A statement from Perrigo said that the deal "would deny Perrigo shareholders the full benefits of Perrigo's durable competitive position and compelling growth strategy, which is reflected in the company's three-year organic net sales compound annual growth rate goal for calendar 2014 to 2017 of 5-10pc."

Perrigo is best known in this country for its 2013 deal to buy Elan for almost €6.7bn, one of a slew of major deals in the sector that saw big US makers reap big tax savings by shifting their headquarters out of the US as a result of reverse mergers with a foreign takeover target.
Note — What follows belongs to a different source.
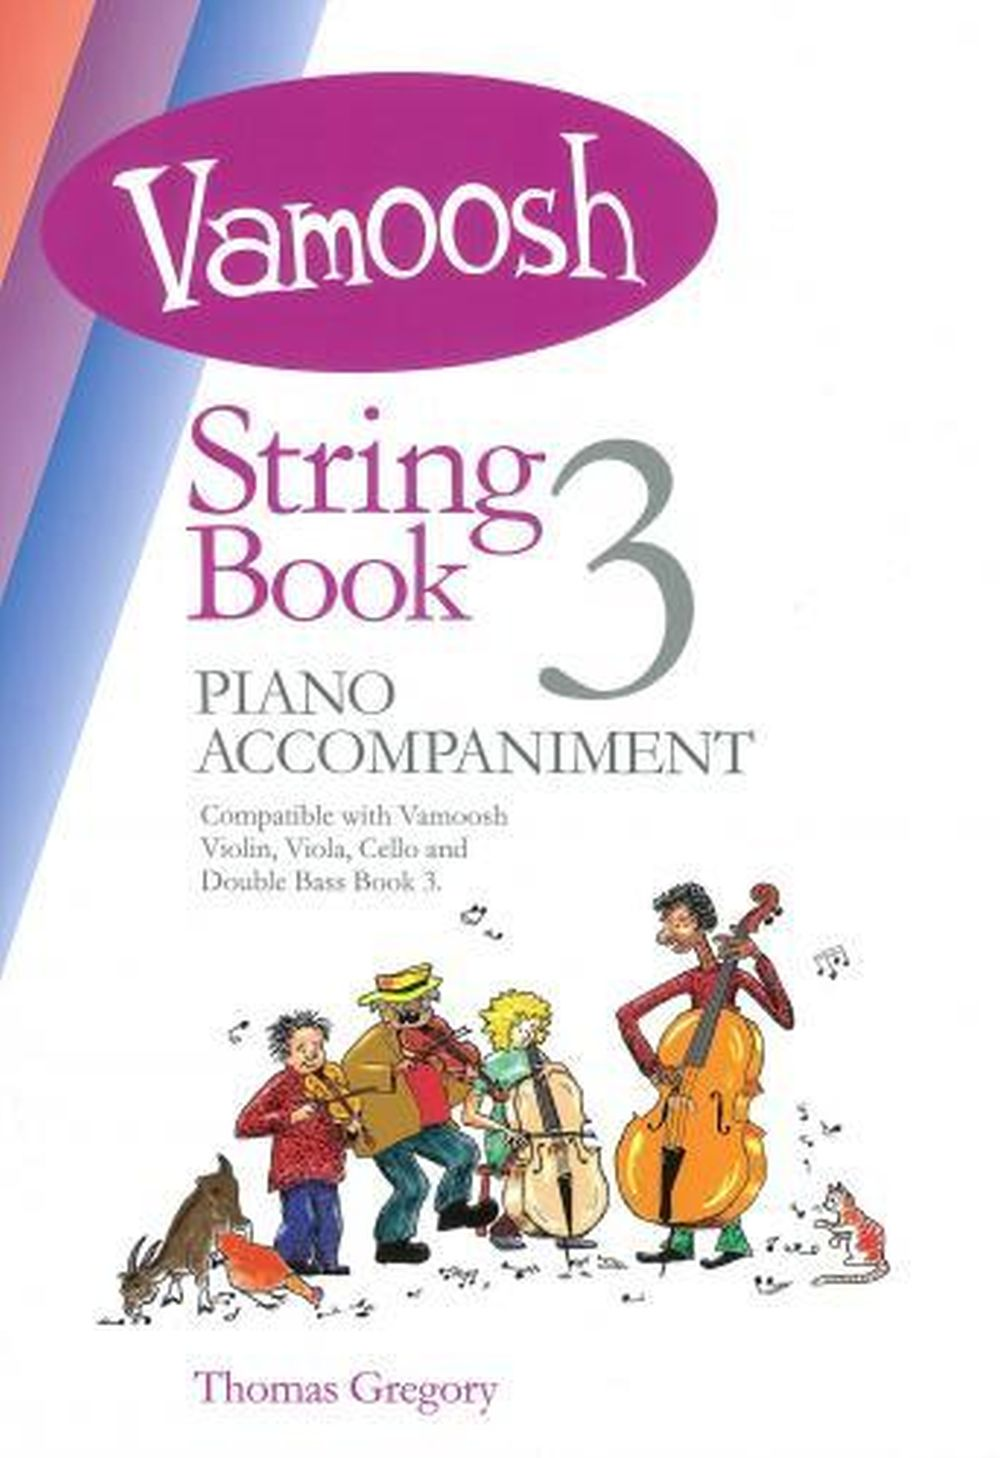 Thomas Gregory: Vamoosh String Book 3 Piano Accompaniment: Piano Accompaniment:

The firm's chairman, President and CEO Joseph Papa added: "Perrigo's board believes that the company has a strong independent future and is well positioned to continue to drive superior growth and shareholder value and provide high quality affordable healthcare products to customers and consumers globally."

The firm also "strongly" advised shareholders to not take any action in the wake of the offer.

Perrigo, which has a large and attractive portfolio of over-the-counter consumer products, infant formulas and a line of generic topical pharmaceutical medicines, had long been seen as a takeover target.

Its rejection of Mylan now leaves the US company in an awkward position.

Yesterday Teva Pharmaceutical Industries, the world's largest generic company, made a $40bn hostile bid for Mylan.

Mylan, which makes the EpiPen product for severe allergies, now must decide whether to raise its offer for Perrigo, engage in talks with Teva, or take another route. The company has previously said that it is not interested in being acquired by Teva.

Mylan did not respond to a request for comment.